Compliant State: Complaint logged, evaluated, classified, and dispositioned in accordance with defined acceptance criteria and QU authorization requirements.
Nonconforming State: Complaint received but evaluation incomplete, classification inconsistent with objective criteria, or required escalation not initiated.
Invalid State: Complaint record missing mandatory data elements, missing QU review where required, or lacking required investigation linkage.
Escalation Trigger: Objective condition requiring mandatory QMS entry (e.g., potential serious adverse event, confirmed contamination, repeated failure trend).
Stop-Execution Condition: Execution is prohibited when complaint lacks minimum data elements required for risk assessment.
| Attribute | Compliant State | Nonconforming State | Invalid State | Escalation Trigger | Required QMS Process Entry | QU Authorization Required? |
|---|---|---|---|---|---|---|
| Complaint Logging | Complaint recorded within 1 business day of receipt | Recorded after 1 business day | No record created | Delay > 3 business days | Deviation | Yes |
| Serious Adverse Event Allegation | Escalated within 1 business day | Escalated after 1 business day | No escalation | Any hospitalization, life-threatening event, or death allegation | Deviation + Regulatory Assessment | Yes |
| Potential Product Contamination | Investigation initiated within 2 business days | Initiation after 2 business days | No investigation initiated | Foreign material, microbial concern, or chemical contamination alleged | Deviation + CAPA | Yes |
| Trend Threshold | Monthly trending performed; no statistically significant increase | Trending incomplete | No trending record | ≥3 similar complaints per lot or statistically significant upward trend | CAPA | Yes |
| Trigger Condition | Execution May Continue? | Required Action | QMS Process Entry | Workflow (W)? | QU Authorization (A)? | Required Record |
|---|---|---|---|---|---|---|
| Complaint Compliant | Yes | Document evaluation and close | Complaint Record | No | Yes | Complaint File |
| Complaint Nonconforming | Yes | Initiate investigation | Deviation | Yes | Yes | Deviation Record |
| Complaint Invalid | No | Obtain required data before evaluation | Deviation | Yes | Yes | Updated Complaint Record |
| Systemic / Repeated Failure | Conditional | Open CAPA and assess recall risk | CAPA | Yes | Yes | CAPA Record + Recall Assessment |
When complaint data indicate product quality failure, Deviation entry is mandatory.

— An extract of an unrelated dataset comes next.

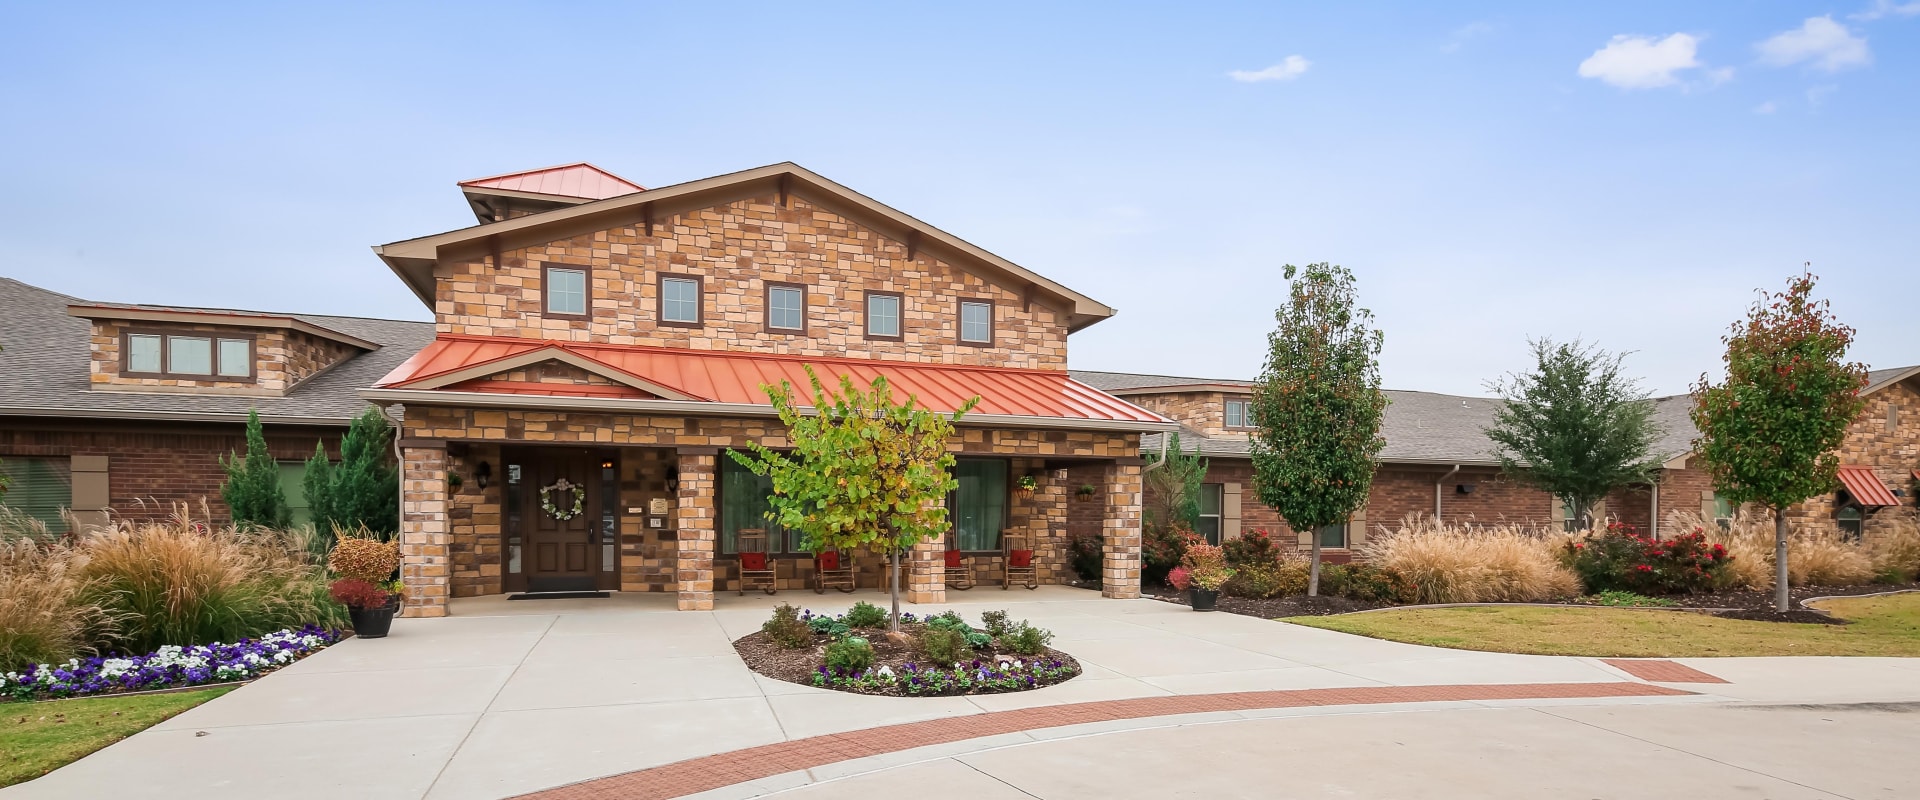 The Advantages of Assisted Living in Central Texas

When complaint trend thresholds are exceeded, CAPA entry is mandatory.
When product defect may affect distributed lots, Quality Defect classification and recall risk assessment entry are mandatory.

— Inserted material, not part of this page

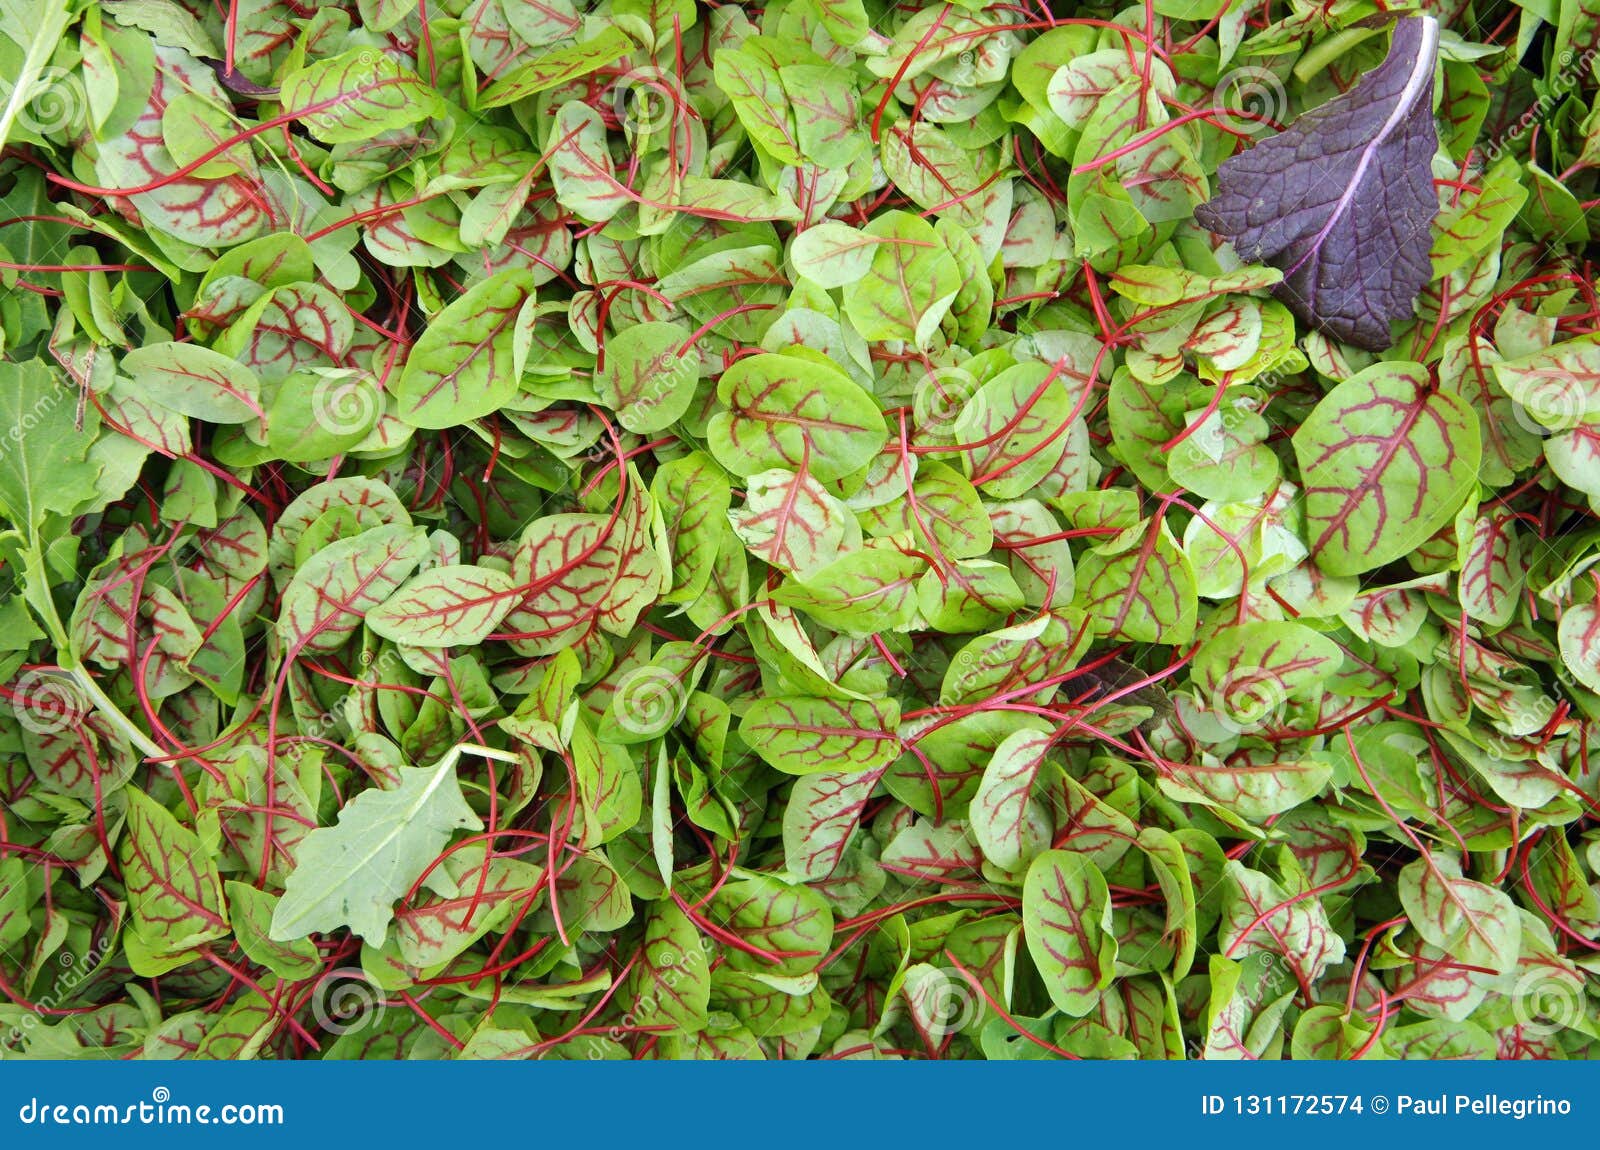 sorrel red veined salad greens view from above

When systemic process weakness is identified, Change Control entry is mandatory.
E — Execution: Personnel may log and classify complaints against predefined criteria.
W — Workflow Entry: QA administers deviation, CAPA, and recall workflows.
A — Authorization: QU authorization is required prior to final complaint closure and any recall determination.
Execution does not confer product disposition authority.
Compliant State: All acceptance criteria satisfied.
Nonconforming State: One or more acceptance criteria not met.
Invalid State: Required record element missing or authorization absent.
Escalation Trigger: Objective condition requiring QMS entry.
Stop-Execution Condition: Execution is prohibited until QMS resolution.
Change Control entry required.
Independent QU approval required.
No implementation without QU authorization.